Conventional wastewater treatment plants (WWTPs) have consistently demonstrated inadequacies in the removal of emerging contaminants, necessitating the implementation of advanced treatment technologies. Common alternatives, as seen in Figure 1, include physical methods (e.g., membrane filtration and adsorption), biological processes (e.g., activated sludge and biofilm systems), and chemical methods (e.g., chlorination and ozonation). However, these approaches often face limitations in completely eliminating persistent and nonbiodegradable organic pollutants. This has driven increasing interest in advanced oxidation processes (AOPs) [15], particularly photocatalysis, which has emerged as an effective and environmentally friendly option.

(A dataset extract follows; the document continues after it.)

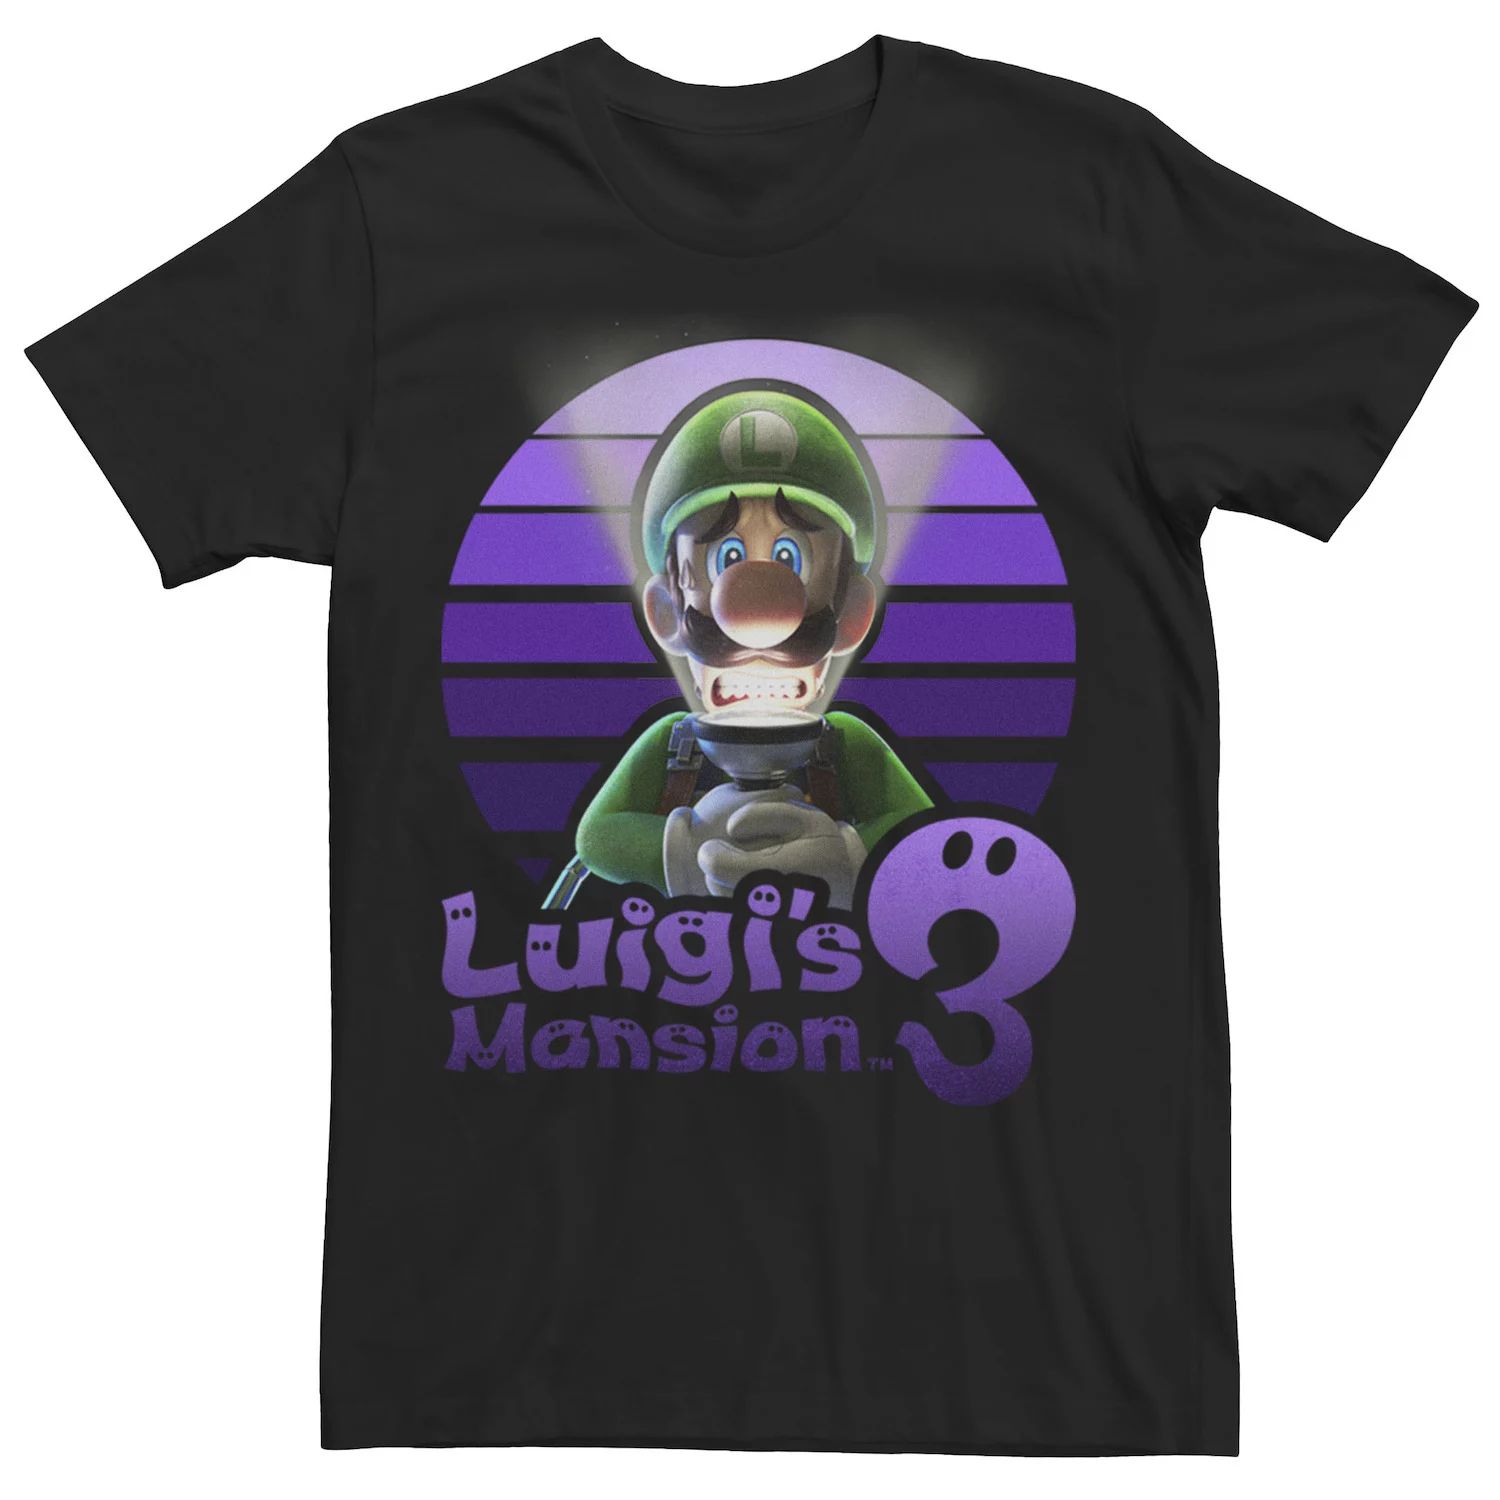 Мужская футболка Luigi's Mansion 3 Luigi фиолетового цвета с портретом Licensed Character

Photocatalysis facilitates the degradation of organic pollutants and nonbiodegradable compounds through the generation of reactive oxidative species [16] and has shown significant efficacy in the elimination of pharmaceuticals [17], pesticides, humic substances, and other hazardous materials from wastewater [18]. Titanium dioxide (TiO₂), esteemed for its non-toxic characteristics, cost-efficiency, and chemical stability, remains the most predominantly utilized photocatalyst [19]. Upon exposure to light, TiO₂ initiates a photoreaction by the excitation of electrons from its valence band to the conduction band, consequently producing reactive holes that promote redox reactions [20]. However, pristine TiO₂ exhibits certain limitations, notably rapid charge recombination and a substantial band gap ranging from 3.0 to 3.2 eV, which confines its activity to ultraviolet (UV) light, merely constituting approximately 5% of the solar spectrum [21].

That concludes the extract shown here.